AIME 2009 I · 第 5 题

Solution 1

Since $K$ is the midpoint of $\overline{PM}$ and $\overline{AC}$, quadrilateral $AMCP$ is a parallelogram, which implies $AM||LP$ and $\bigtriangleup{AMB}$ is similar to $\bigtriangleup{LPB}$

Thus,

$$\frac {AM}{LP}=\frac {AB}{LB}=\frac {AL+LB}{LB}=\frac {AL}{LB}+1$$ Now let's apply the angle bisector theorem.

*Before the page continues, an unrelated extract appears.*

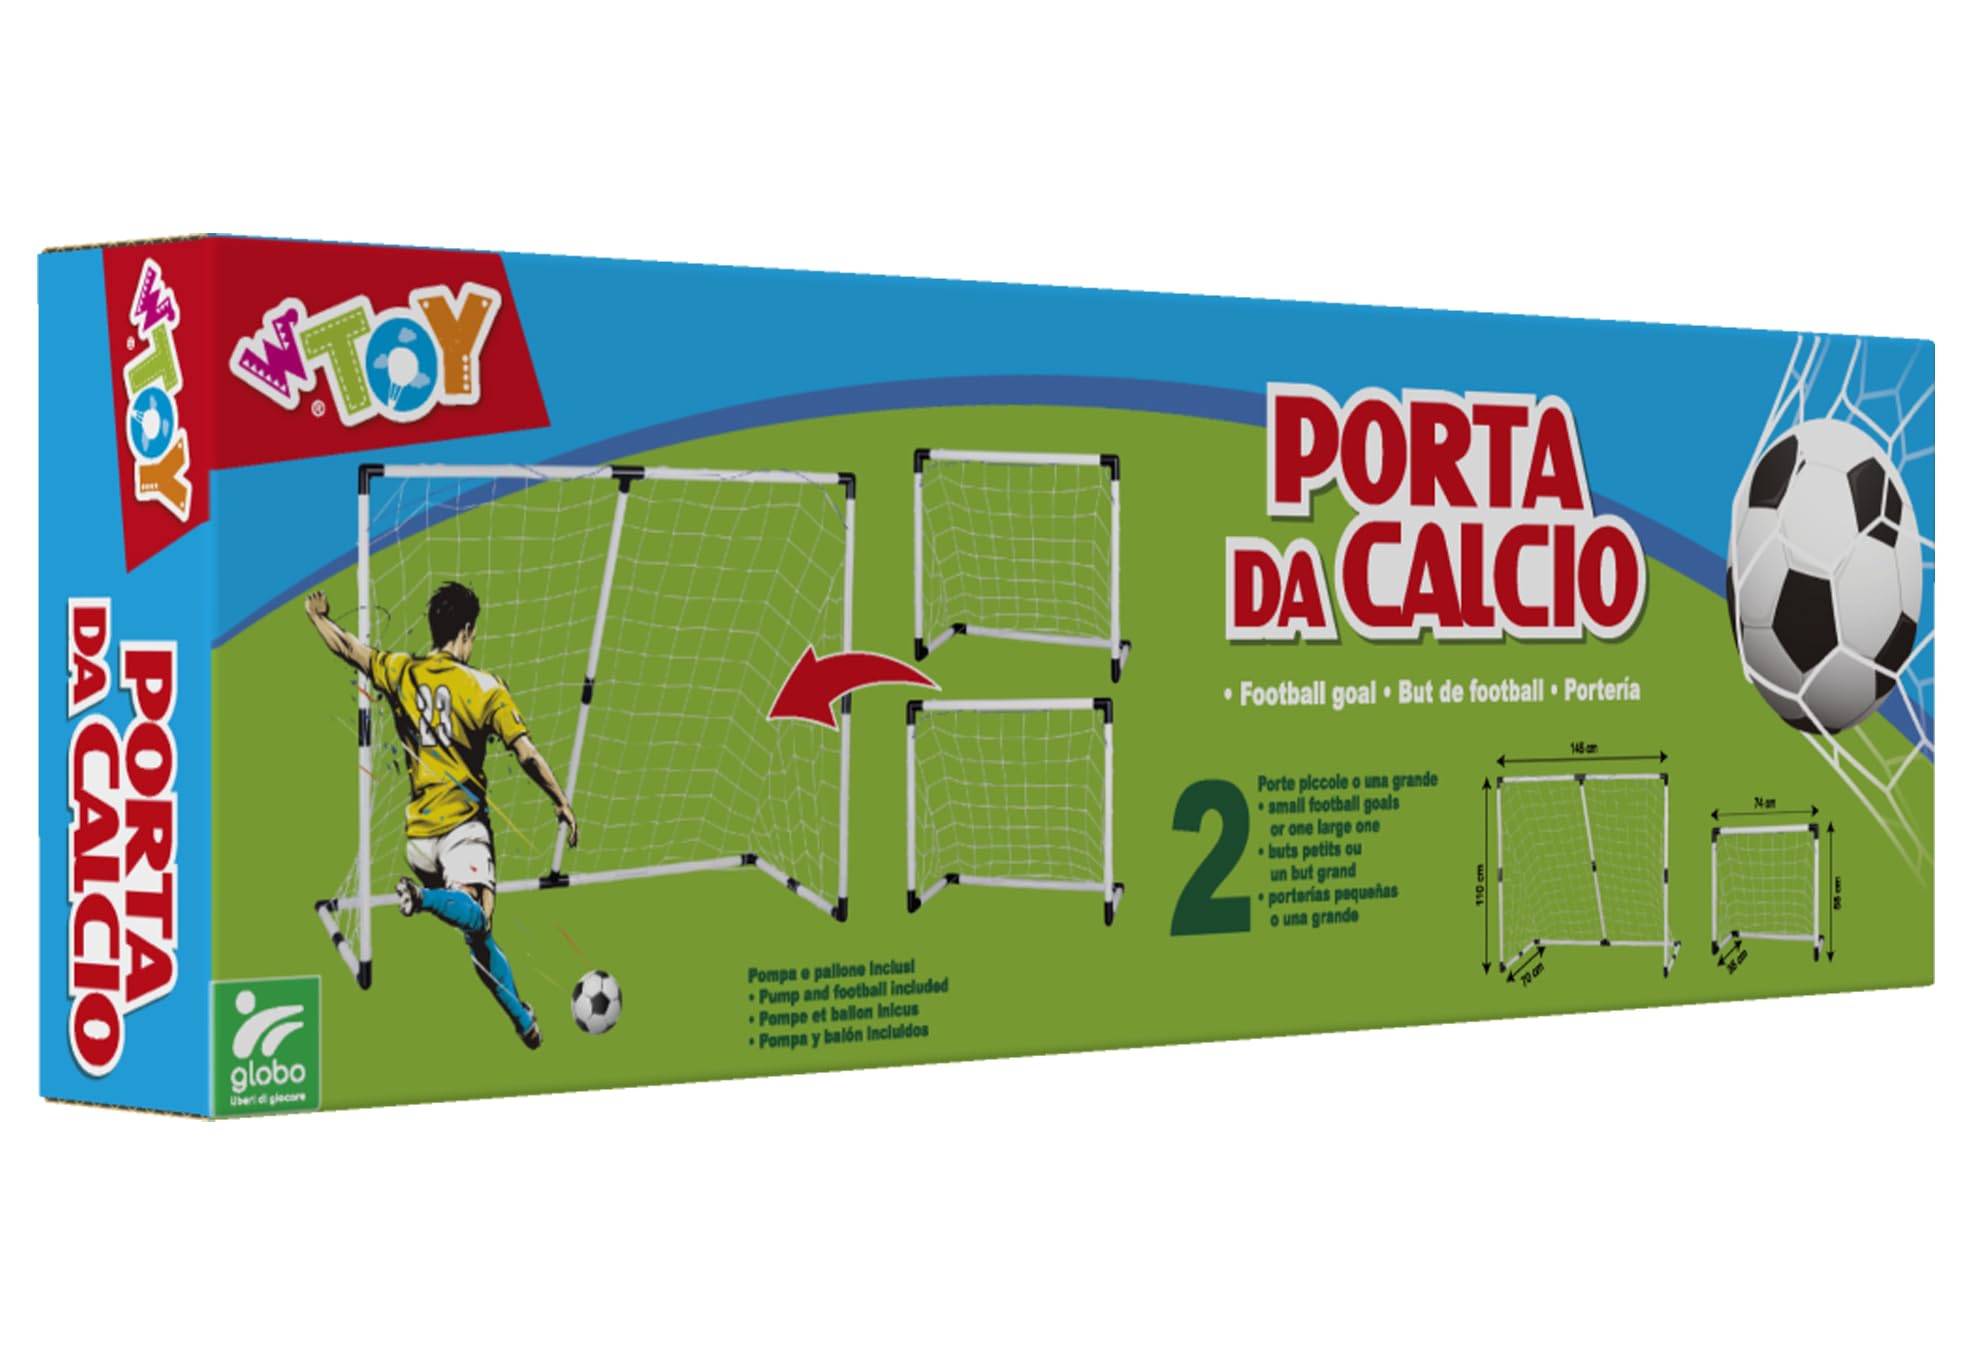 Mini-Fußballtor verstellbar – 2 Größen in 1 – umwandelbar von 74 cm bis 145 cm Breite – Ball und Pumpe enthalten – Globus Toys – WToy 41213

$$\frac {AL}{LB}=\frac {AC}{BC}=\frac {450}{300}=\frac {3}{2}$$ $$\frac {AM}{LP}=\frac {AL}{LB}+1=\frac {5}{2}$$ $$\frac {180}{LP}=\frac {5}{2}$$ $$LP=\boxed {072}$$

Note: Another way to realize that $\bigtriangleup{AMB}$ is similar to $\bigtriangleup{LPB}$ is through angle chasing and congruent triangles. Angle $AKM$ is congruent to angle $CKP$. Segments $MK$ and $PK$ are congruent as stated in the problem. Segments $AK$ and $CK$ are congruent as stated in the problem. Thus, by Side-Angle-Side congruency $\bigtriangleup{AMK}$ is similar to $\bigtriangleup{CPK}$. Then angle $AMK = AMB$ is congruent to angle $CPK = BPL$. Notice triangles $\bigtriangleup{AMB}$ and $\bigtriangleup{LPB}$ both share angle $MBA$. Thus the two triangles are similar because of AA similarity with angles [$AMB$ and $LPB$] and [$MBA = PBL$]. *Solution in Beauty of Math video written out

Solution 2 (Mass Points)

Using the diagram above, we can solve this problem by using mass points. By angle bisector theorem:

$$\frac{BL}{CB}=\frac{AL}{CA}\implies\frac{BL}{300}=\frac{AL}{450}\implies 3BL=2AL$$ So, we can weight $A$ as $2$ and $B$ as $3$ and $L$ as $5$. Since $K$ is the midpoint of $A$ and $C$, the weight of $A$ is equal to the weight of $C$, which equals $2$. Also, since the weight of $L$ is $5$ and $C$ is $2$, we can weight $P$ as $7$.

By the definition of mass points,

$$\frac{LP}{CP}=\frac{2}{5}\implies LP=\frac{2}{5}CP$$ By vertical angles, angle $MKA =$ angle $PKC$. Also, it is given that $AK=CK$ and $PK=MK$.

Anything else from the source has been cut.